Yet people forget that Jammu and Kashmir is not a homogeneous entity; besides the Muslim majority Valley, Jammu is predominantly Hindu, Ladakh is a mix of Buddhist and Muslims and then there are the Gujjars and Bakarwals.

Some also believe that opposition to the powers of J&K is, for the want of a better term, 'BJP-driven', but jog your memory a little and the intricacies of the Kashmir Conspiracy Case where Sheikh Abdullah was arrested for conspiring against the state that included a call for a plebiscite, ie, to decide if the state should remain part of India, join Pakistan or become independent.

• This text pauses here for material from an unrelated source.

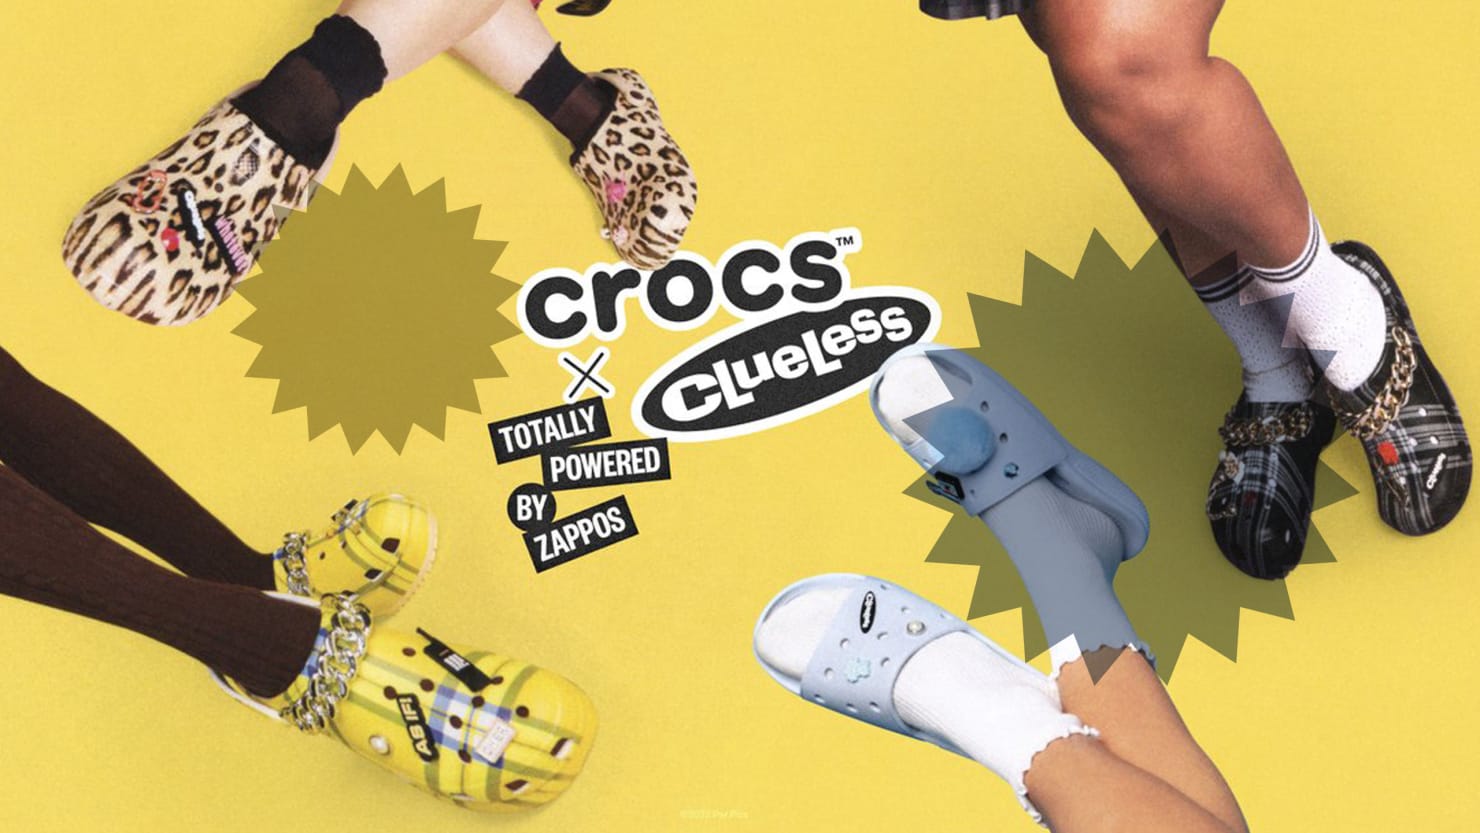 Crocs Clueless Collection Zappos

Many Indians perhaps might not be even aware that the Preamble to the Constitution of J&K which was adopted in November 1956 by the Constituent Assembly of Jammu and Kashmir, which was a body of representatives elected in 1951, clearly states that it is an integral part of the Union of India "in pursuance of the accession of this state to India which took place on the 26th day of October 1947".

Would it be too revisionist a thought to consider the abrogation or amendment of Article 370 by the very means it was instituted — a presidential order?

It's not uncomplicated considering that Clause 3 of Article 370 supports an executive order under which by public notification the Article shall cease to be operative but this can only follow a recommendation of the Constituent Assembly of the state; but what happens in the absence of such a body?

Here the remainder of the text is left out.